We got to hear stories of polar bears (they love Nutella) and how Iceland is building up capacity for search and rescue missions in the region. It shocked us when he said that Iceland alone could handle no more than 7 hypothermia patients at a time. Greenland can handle no more than 8 trauma victims at a time! All the search and rescue folks in Iceland are volunteers and they were the first country to respond to Haiti post the 2010 earthquake disaster. They are incredible and digging out folks, often using dogs for assistance, in avalanches, and clearly can even respond to earthquakes in warm climates! He noted that many hospitals in Scandinavia are specializing which can create capacity issues in disasters.
He told us that "safety science is driven by events" and we all know of some major disasters that spurred new policies and actions afterwards. He emphasized Nassin Taleb's work and black swans and not just dealing with risk in terms of probabilities and impacts but also thinking of possibilities and worst case scenarios - just like a cruise ship with 4,000 passengers sinking in the Arctic.
He envisions a Search and Rescue Academy in which practitioners and researchers can be working together, side by side. I loved this.
He also noted that what is needed in disaster relief and emergency management - and disasters are those events that can't be managed by existing resources - is a coordinator of coordinators. This also very much resonated with me.
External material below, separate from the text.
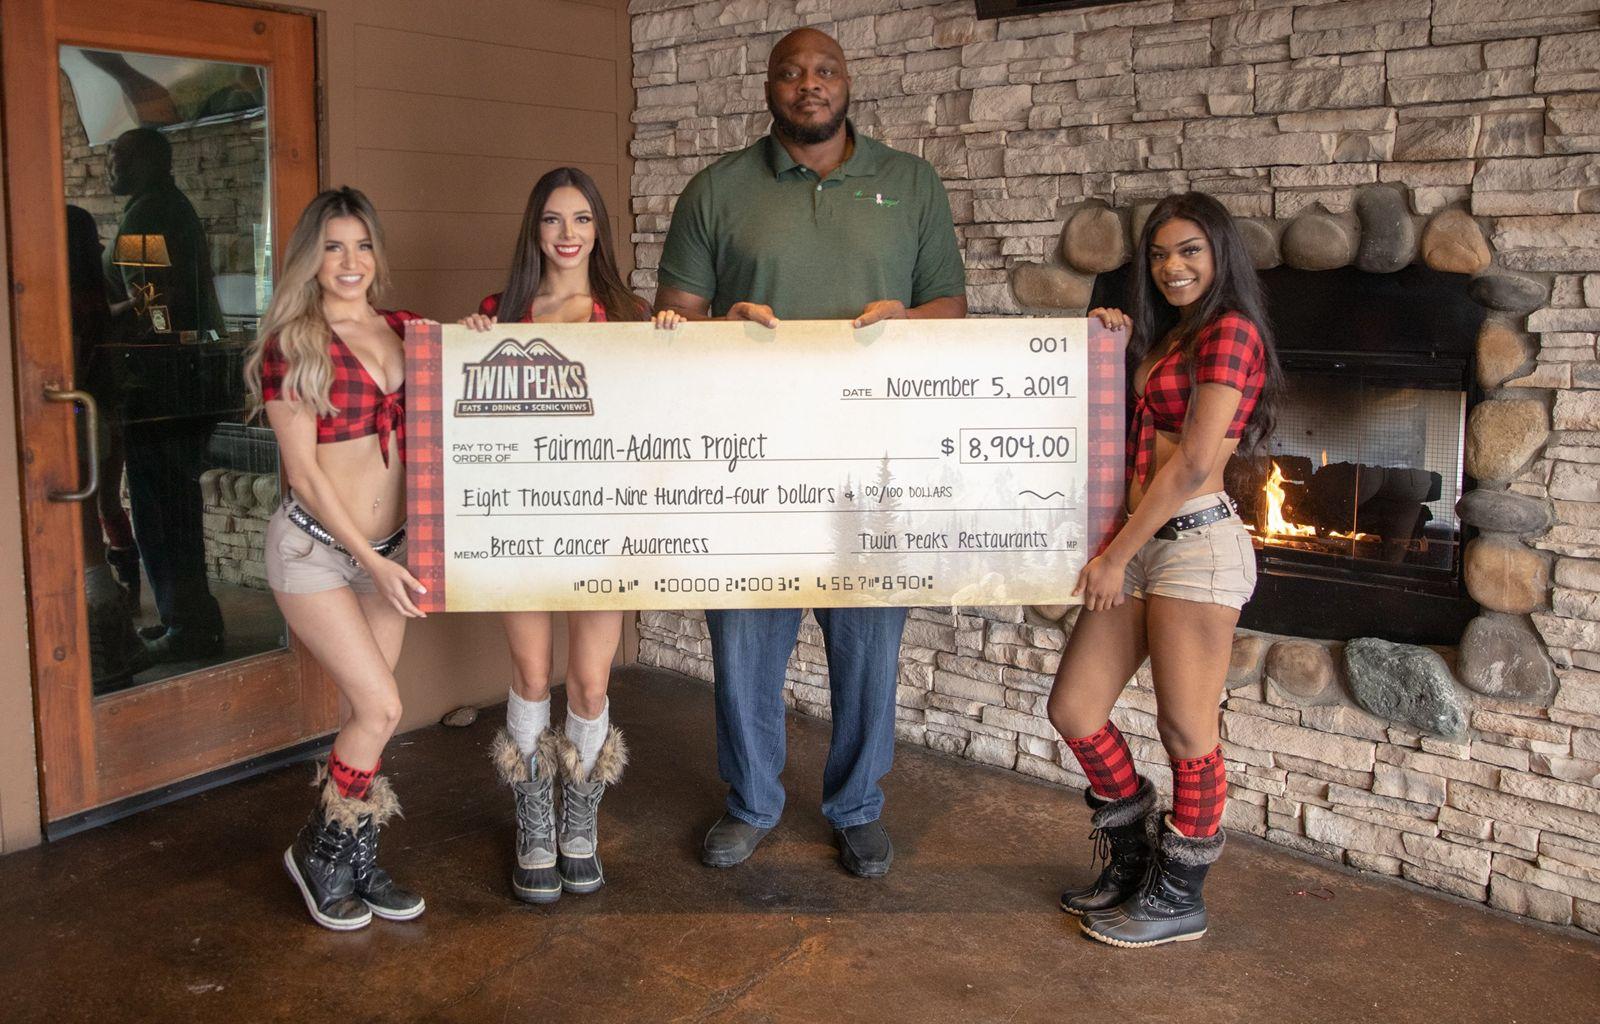 Twin Peaks Donates Nearly $9,000 to Fairman Adams Project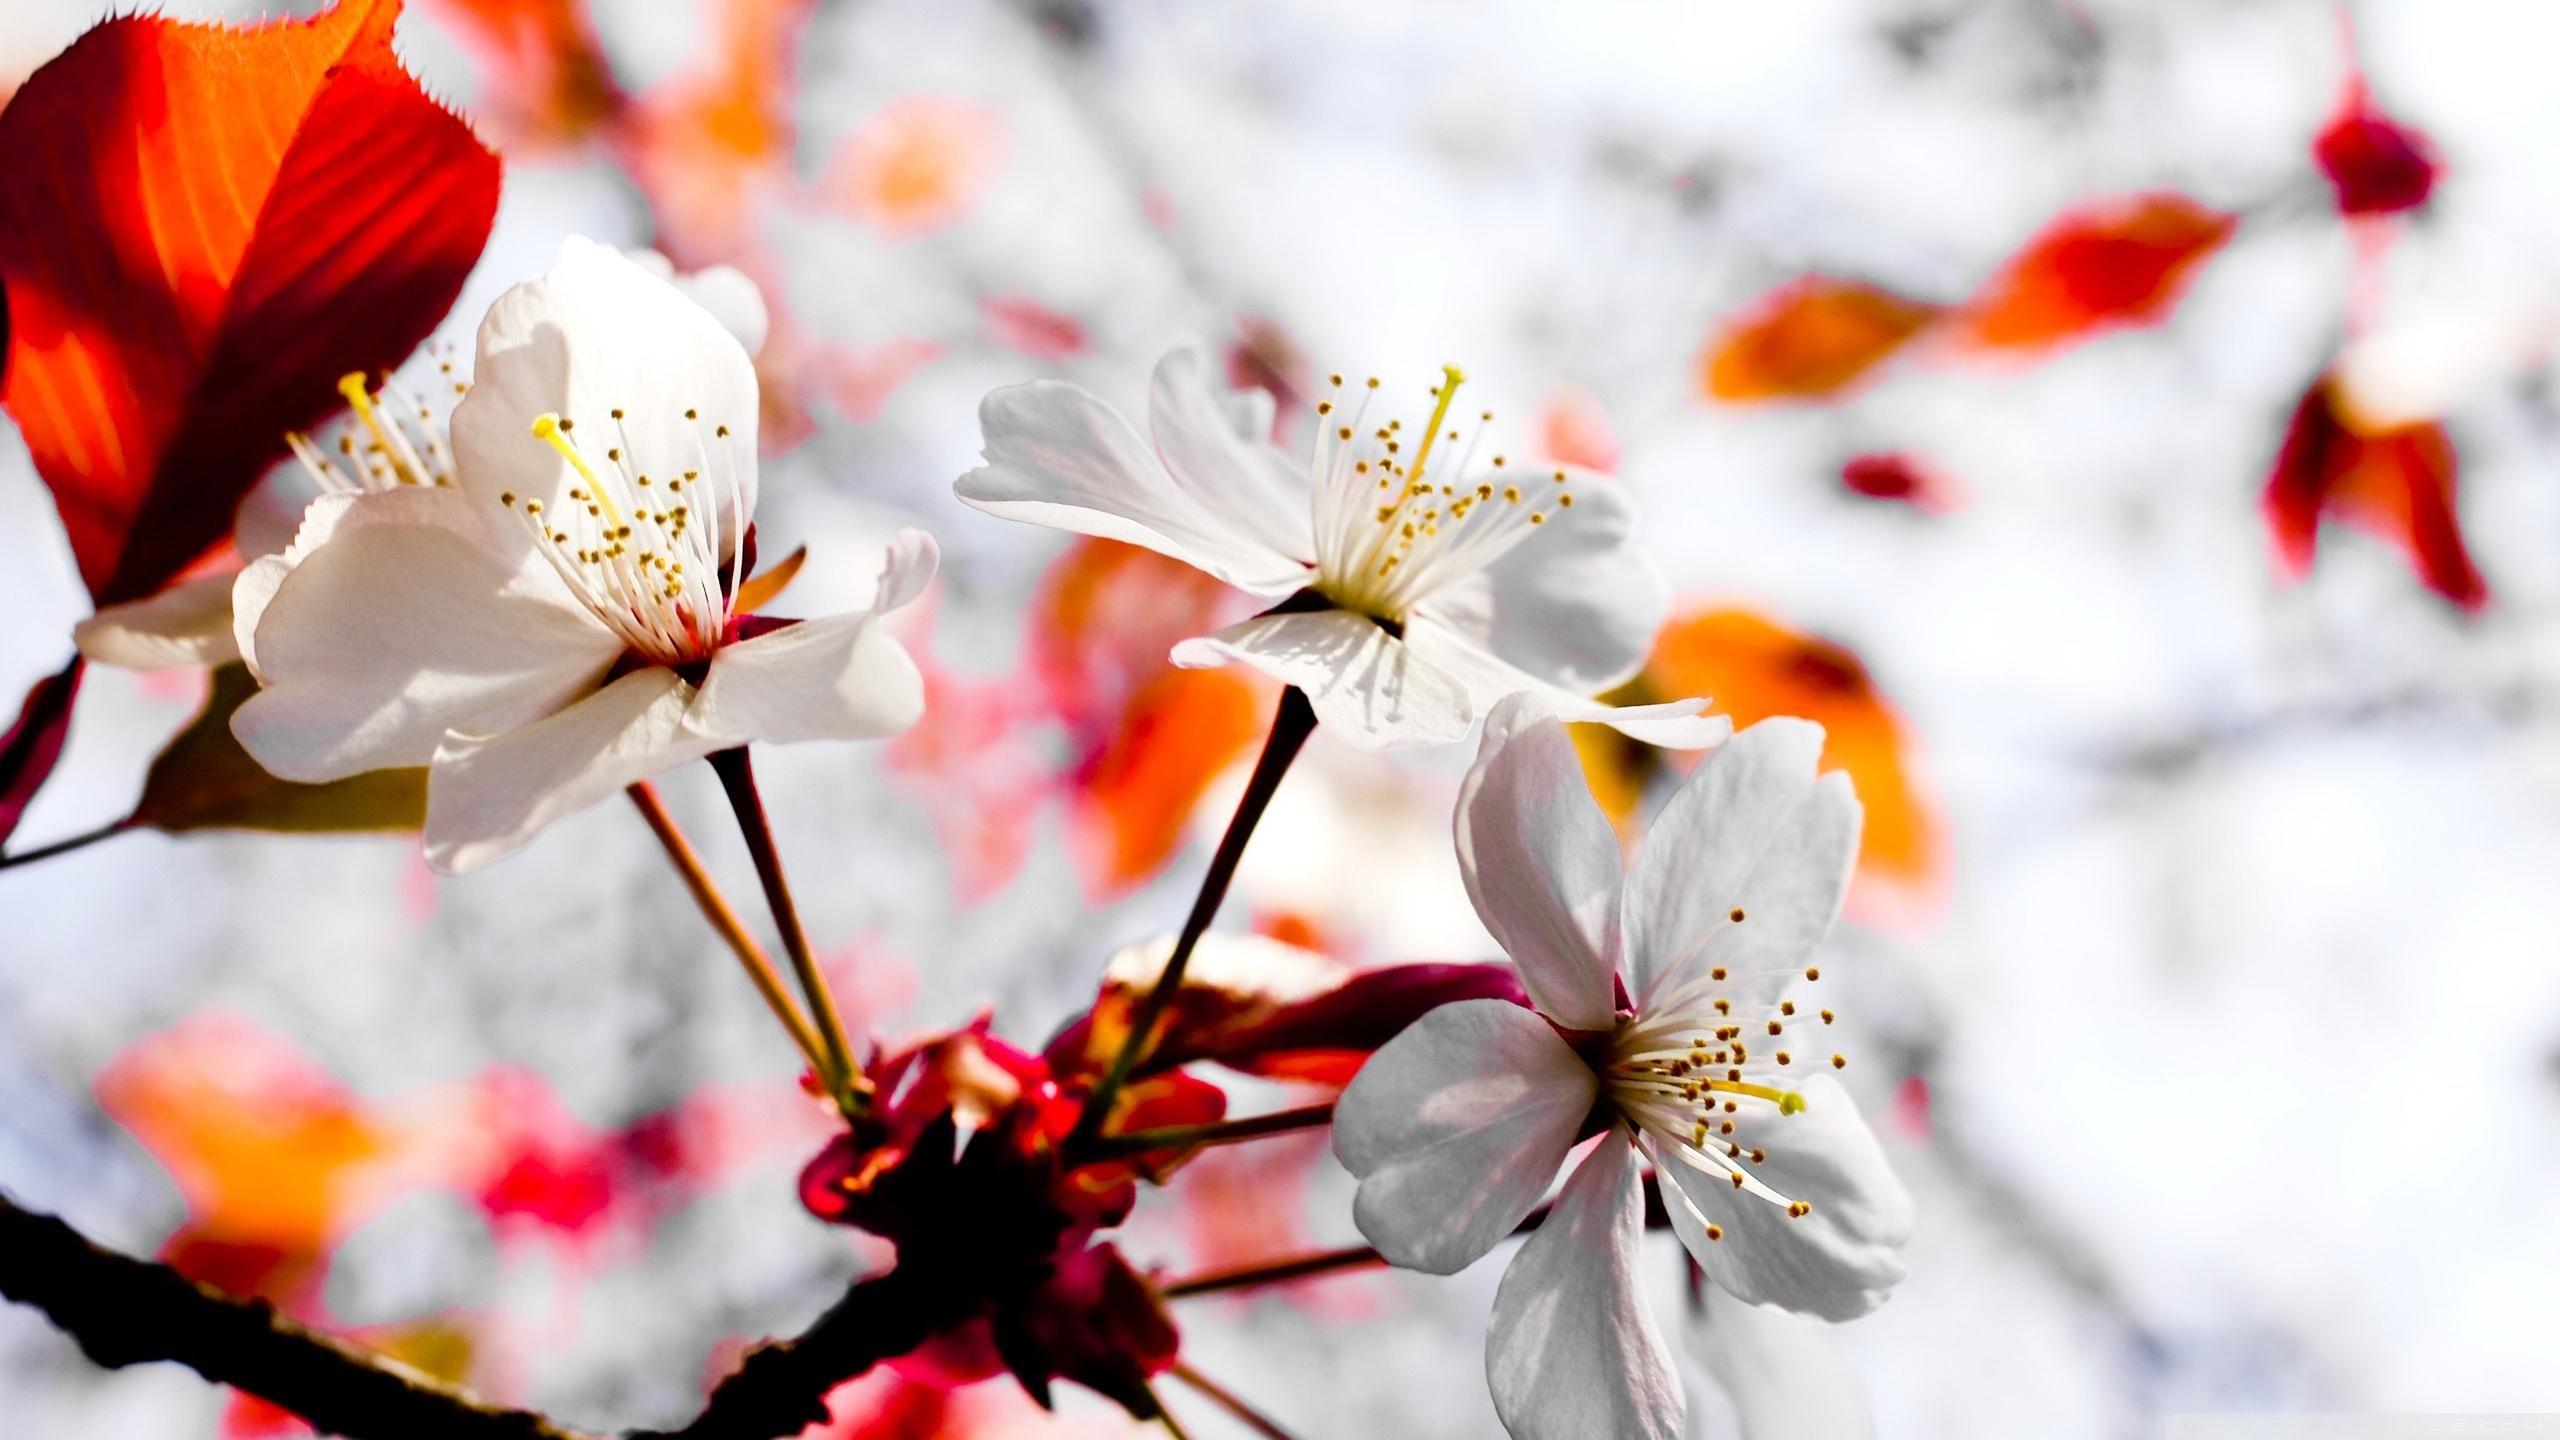 Wallpaper Hd For Desktop Full Screen 1080p 49 Pictures Spring Wallpaper Spring Season Flowers Hd Flower Wallpaper

We took a group photo with the Professor for a Day plaque that was presented to Dahlberg.
At 2PM it was time for Dahlberg to present in our great UMass Amherst INFORMS Speaker Series. His presentation was: Bridging the Gap: Preparing for Long-Term Infrastructure Disruptions and it can be downloaded here.
In doing his research on the importance of bridges and especially the Oresund bridge that he studied deeply, he spent days riding the train on the bridge which connects Malmo, Sweden with Copenhagen, Denmark, interviewing people as to what they would think if the bridge was inoperable, say, for one day, one month, or a more extended period of time. The knowledge workers could work at home for a period. The sewer truck driver told him that "he does not take his work home." To have a 20 minute commute each way change to a two and a half hour commute because with a bridge closure one would have to make use of multiple modes of transport, including a ferry, over greater distances, would clearly have an impact. However, this bridge was not considered a European Critical Infrastructure and, in fact, nothing in western Europe was! A small airport in Bulgaria, nevertheless, was.
the Dynamics of Disasters conference, which I coorganized last summer with Professors Panos M. Pardalos and Ilias Kotsireas in Kalamata, Greece. He was the first speaker and made such a powerful impression that when he said he wanted to visit me I knew that having him come and speak would be a transformative educational experience. And I am thrilled that his work on the topic that he spoke on is now a finalized chapter for the book that Kotsireas, Pardalos, and I are co-editing on the conference.